I am currently using FileMaker Pro 10 Advanced.
What is the new function in 12 that addresses this issue in the Windows environment?
With my current version, because I am using Windows with Internet Explorer (required by FileMaker), the data within the Web Viewer does not appear to be accessible. I tried to use the GetLayoutObjectAttribute with the "content" option to copy the contents to a text field but it does not appear to be working - no data is ever passed to the text field. I will double check that the web viewer is updated before the GetLayoutObjectAttribute function is called. I will insert a Pause function within the script to test this theory.
Thank you for your response Phil!
I had to look that one up.
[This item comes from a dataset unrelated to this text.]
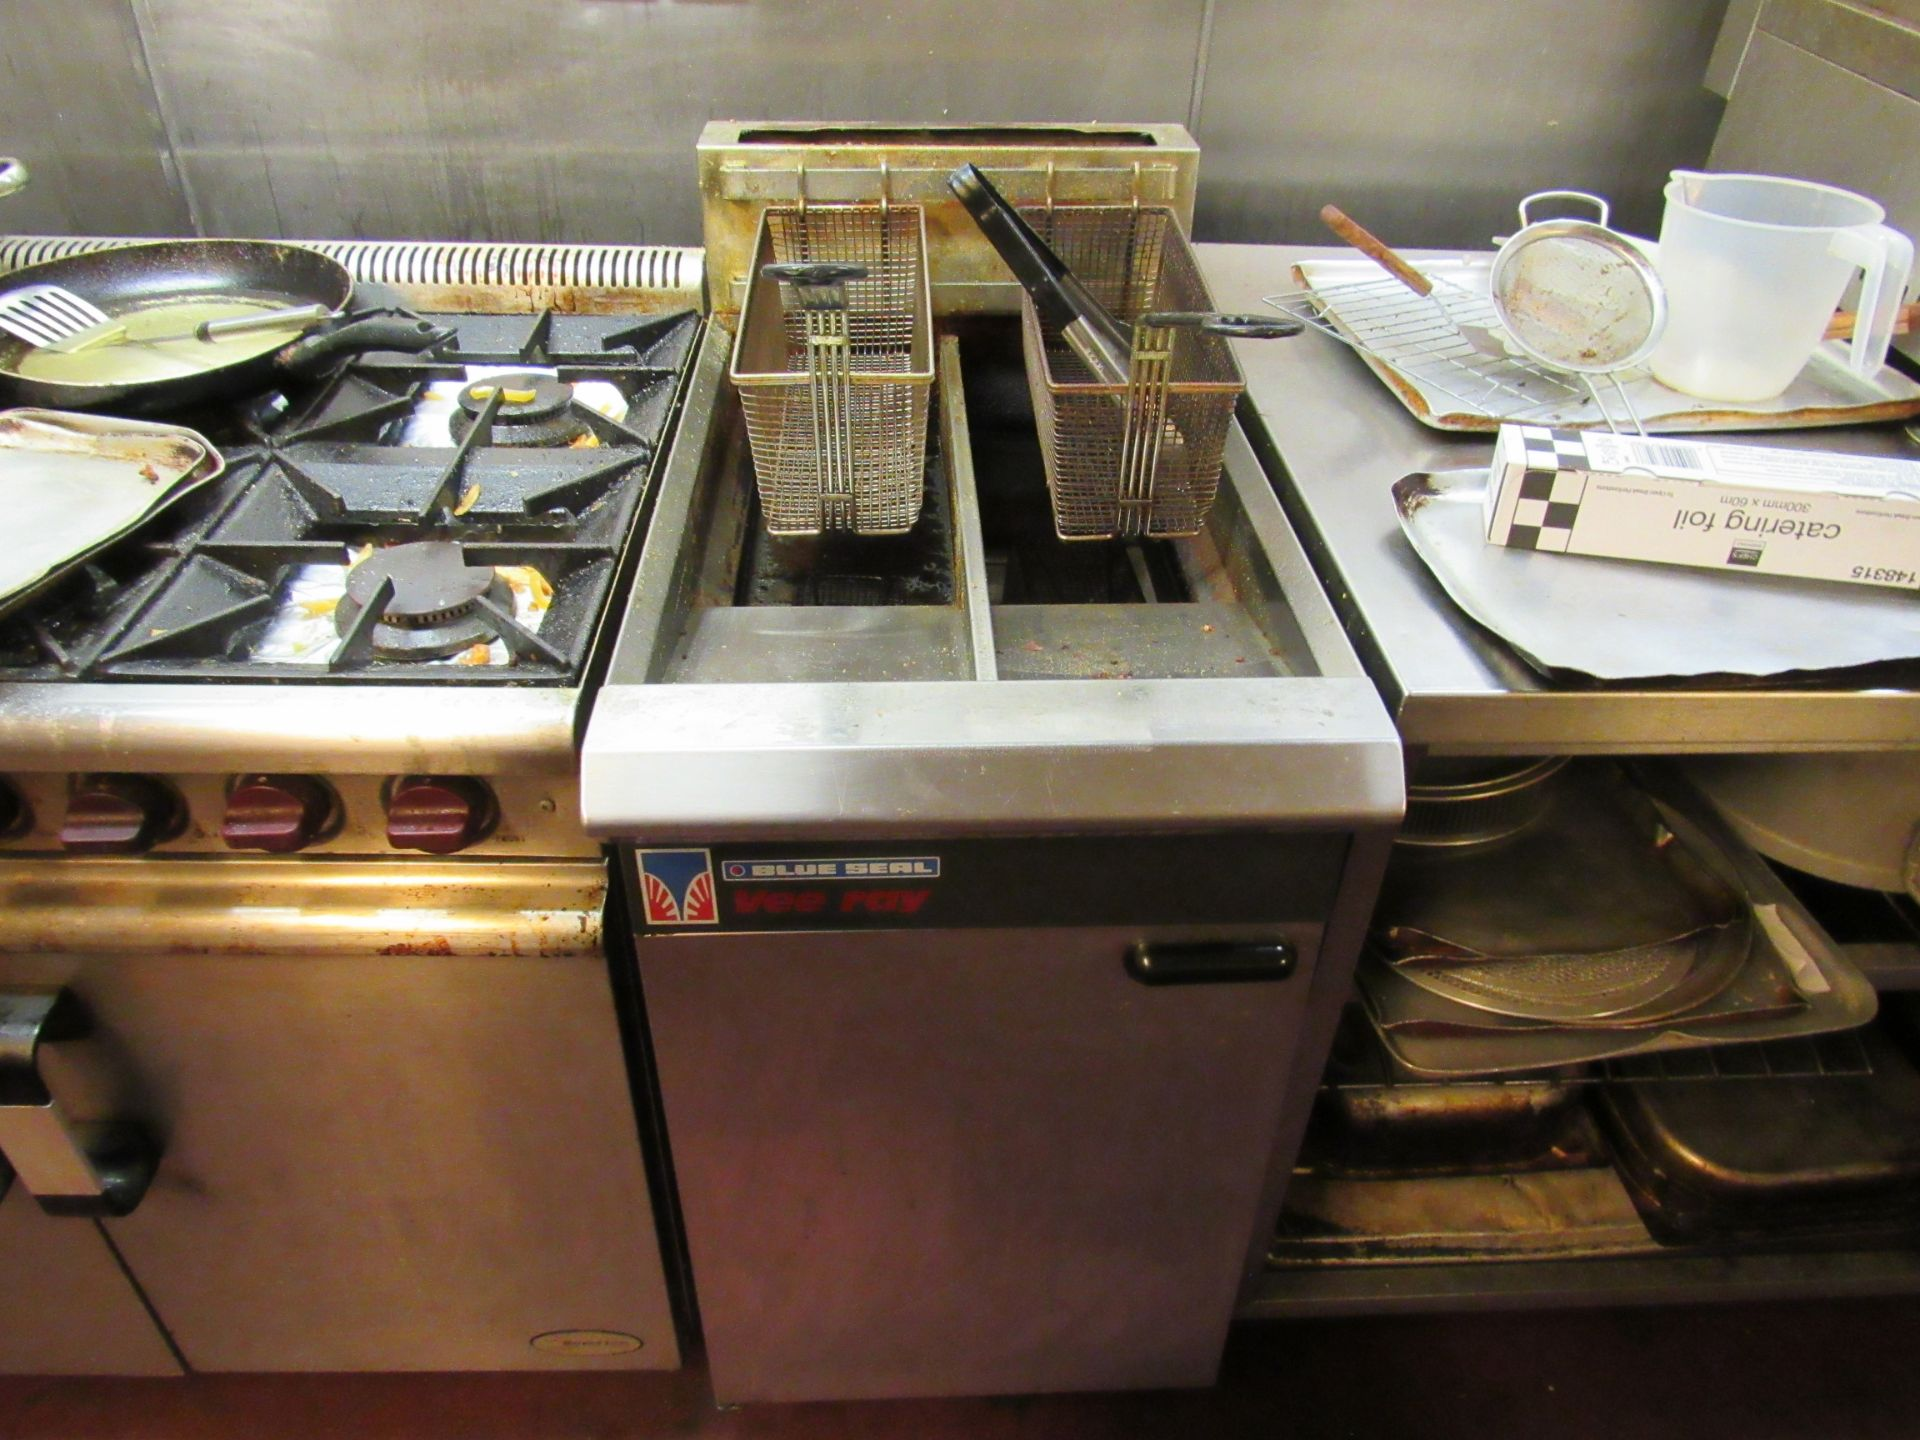 Blue Seal Vee Ray Twin Basket Deep Fat Fryer - Image 2 of 2

It's not quite what I thought.
It's a script step called: Insert From URL [Select; No dialog;; Resource URL]
And it doesn't specfically intended for xml data as the examples illustrate inserting other data such as a PDF from the website into a container field.
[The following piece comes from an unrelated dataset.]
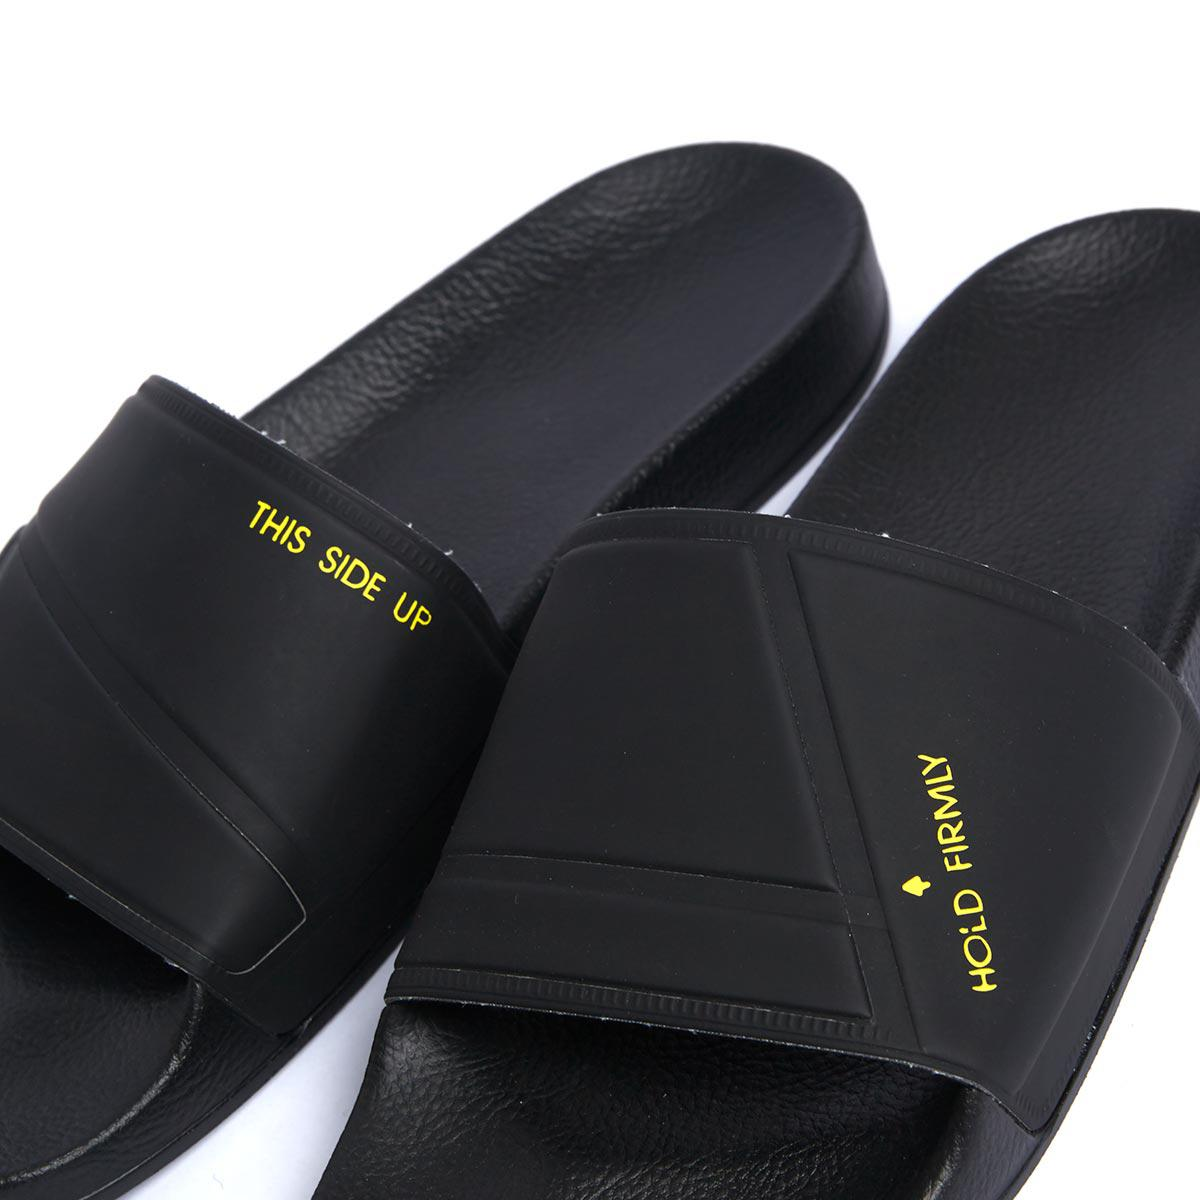 0e19fe03ce83 Lyst - adidas By Raf Simons Bunny Adilette Rubber Slides in Black ...

As far as I know, this all works the same in Mac or Windows. The web viewer does use the "Explorer web kit" on windows and the "safari web kit" on macs, but I would not expect that to make a difference here.
I've used GetLayoutObjectAttribute on windows machines to "scrape" data from a website myself--so I know it works, but don't know if there are ways that a web site to present the data so that it is not accessible in this way.
Can you copy data from the web viewer and paste it into a text field? I'm not suggesting this as a work around, but as a test to see if the data shown is accessible--if it's a bitmapped image of the data then you may be out of luck.
Thank you very much for your help! With your suggestions I have finally written a script that copies the data from the web viewer and pastes it into a text field. Now my next task is to parse the exact data and paste it into the target field.
Following is the section from the Web Viewer object that contains the ZPID that I am seeking to parse:
However, when I view the source code that is pasted into the text field, the code looks like this:
<SPAN class="m"><</SPAN><SPAN class="t">zpid</SPAN><SPAN class="m">></SPAN><SPAN class="tx">22267614</SPAN><SPAN class="m"></</SPAN><SPAN class="t">zpid</SPAN><SPAN class="m">></SPAN>
Therefore, I'm guessing that I will have to add some lines to the script that isolates the ZPID. Can you direct me to an easy solution for this?
Isolating data from such a morass of html tags is quite a challenge and you are at the mercy of the web page designers/managers. If they change the format output to their webpage, your calculation could no longer work.
In this case, the only numerical data is the zipid value: 22267614
If that's truly the only digits in the text you are scraping from the web page, then GetAsNumber ( TextField) will extract the number and ignore all other data.
Filter ( TextField ; 9876543210 )
would also work.
Again, thank you very much for your help! I have successfully completed the script to retrieve the data from Zillow, parse the property id from the the data, and post it to the proper field!!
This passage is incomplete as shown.